The final portion of the book primarily takes aim at contemporary practitioners of Hoodoo who do not conform to her vision of its evolution, and she draws upon a handful of personal correspondences to support her arguments. In these final pages, she faces a significant conflict, writing: " And here is one dilemma for researchers who write about Hoodoo: The Hoodoo that some researchers write about is marketeered Hoodoo, which in few ways resembles the old African American Hoodoo system developed by and for African Americans" (p. 183).
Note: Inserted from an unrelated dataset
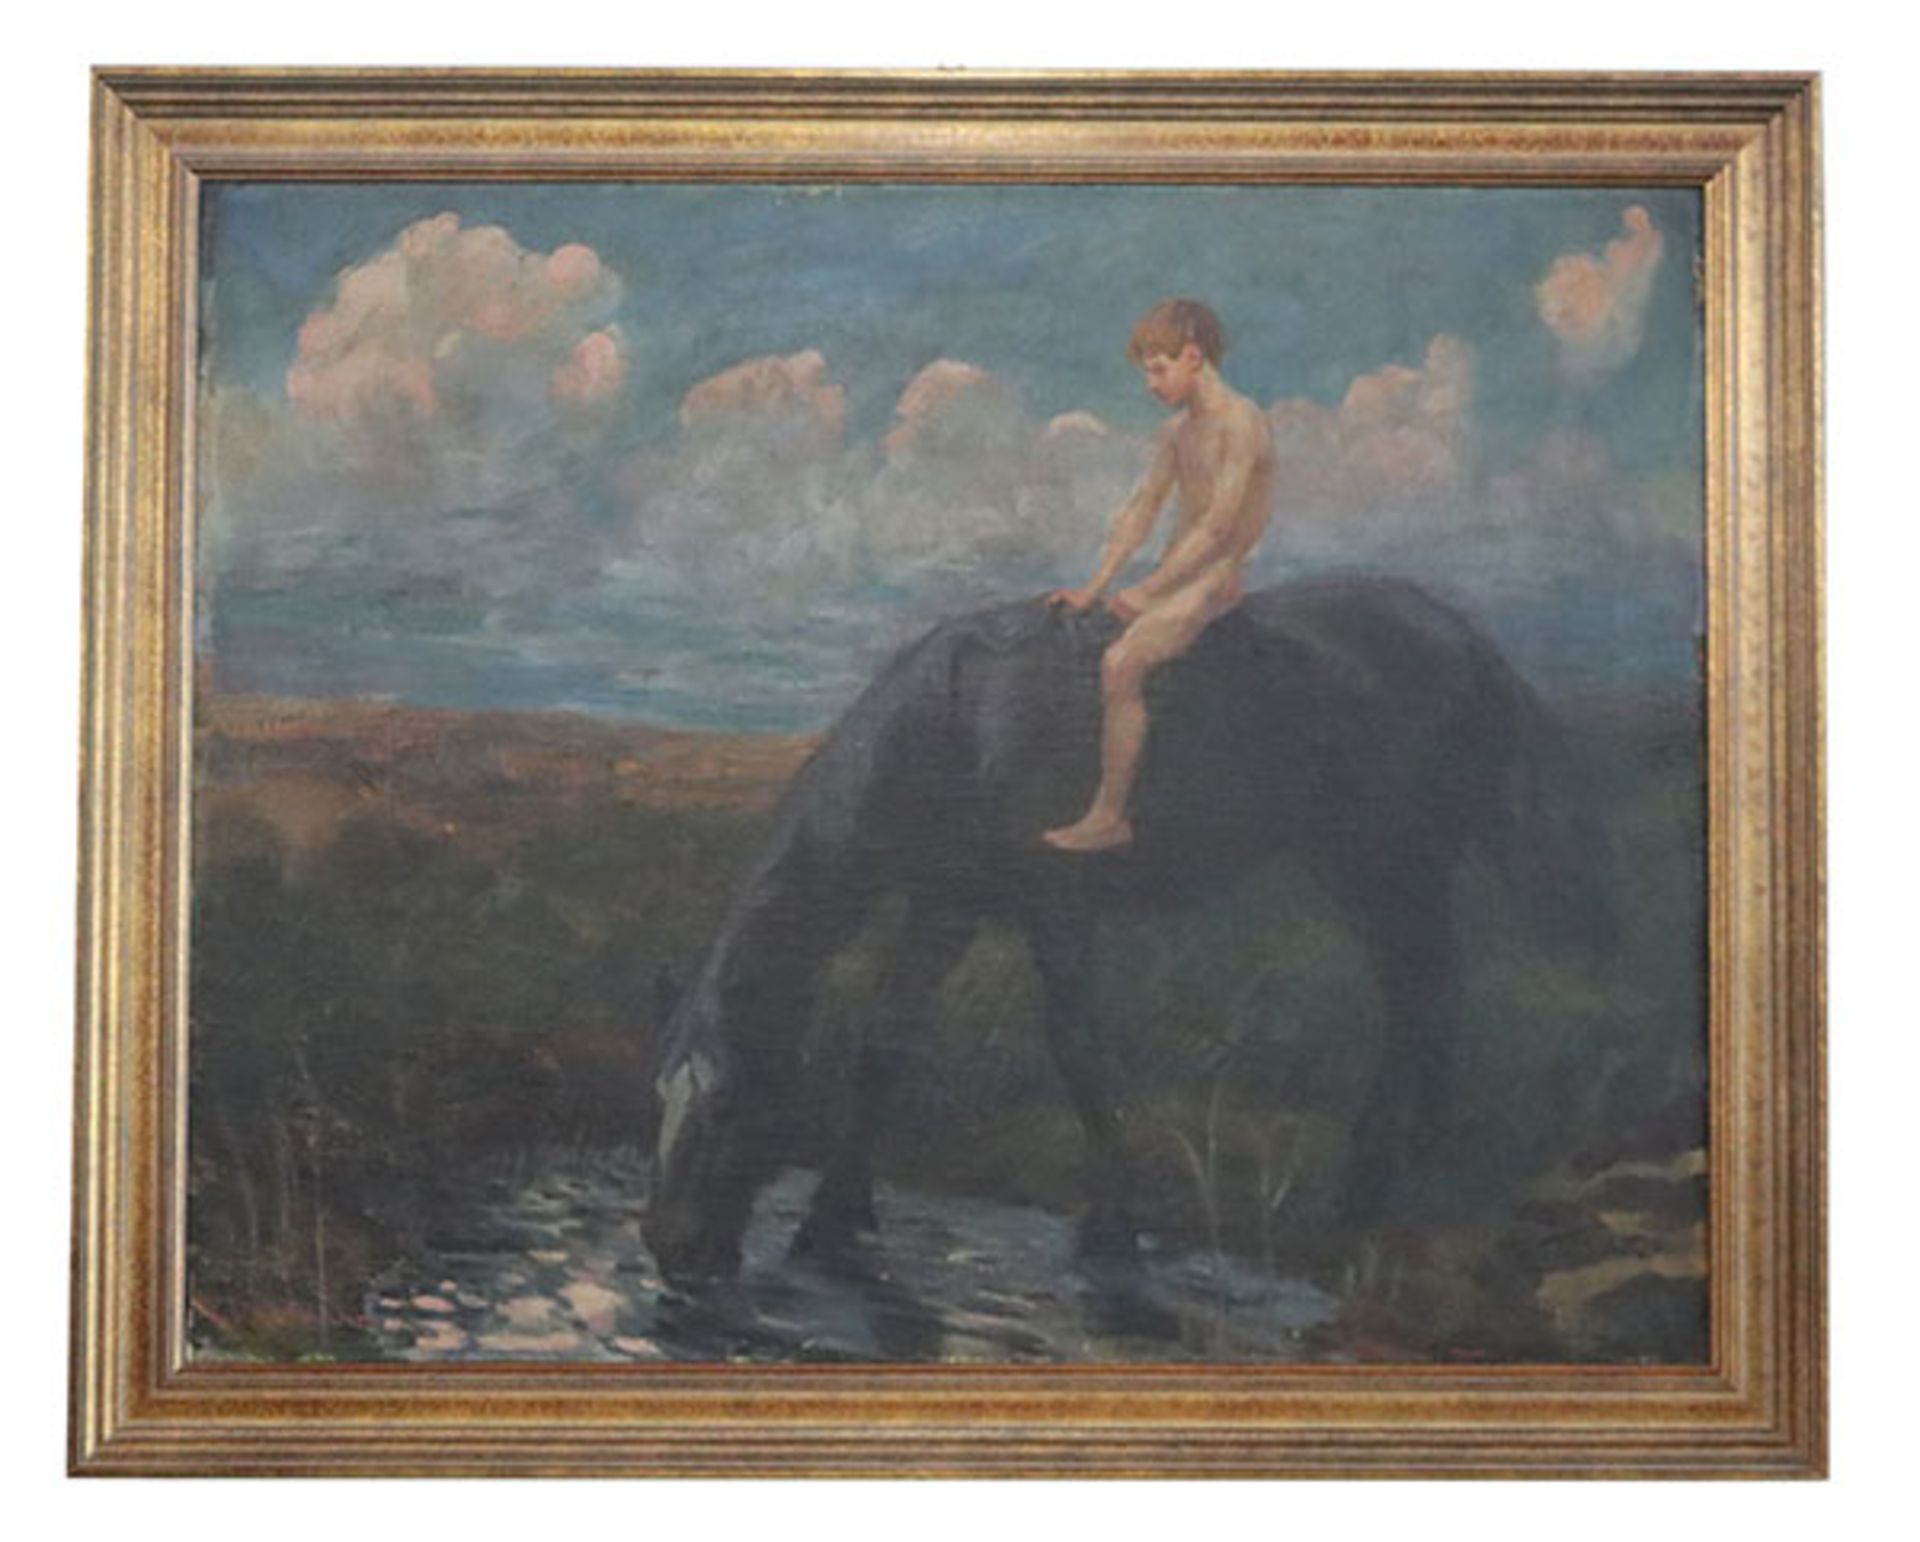 Gemälde ÖL/LW 'Junge auf Pferd', signiert L. v. Hofmann, wohl Ludwig von Hofmann, * 1861 Darmstadt +

HazzardDonald sees the two variants of old Hoodoo- its religious incarnation through groups like the Sanctified Church movement and its vernacular expression as a commoditized form of folk magic-as irreconcilable, and takes strong personal affront at the second form of Hoodoo and its adherents. Early on, she establishes herself as an initiate of an African Traditional Religion, so the personal nature of her vitriol is entirely understandable. But the tone of her writing sometimes undermines her own scholarly ethos.
Mojo Workin' is a key contribution to the study of Hoodoo in America, with some energizing new ideas about its origins, early expression, and broader religious aspects. While Hazzard-Donald sometimes presents a disorganized or an anecdotal case for her theories, her interpretation is novel and exhilarating. Building upon the work of Zora Neale Hurston, Jeffrey Anderson, Carolyn Morrow Long, and Albert Raboteau, while injecting new research into the field, Katrina Hazzard-Donald has reimagined Hoodoo as something more than amulets and "snake-oil" and has offered for examination by a new generation of scholars, a system broadly expressed and barely explored.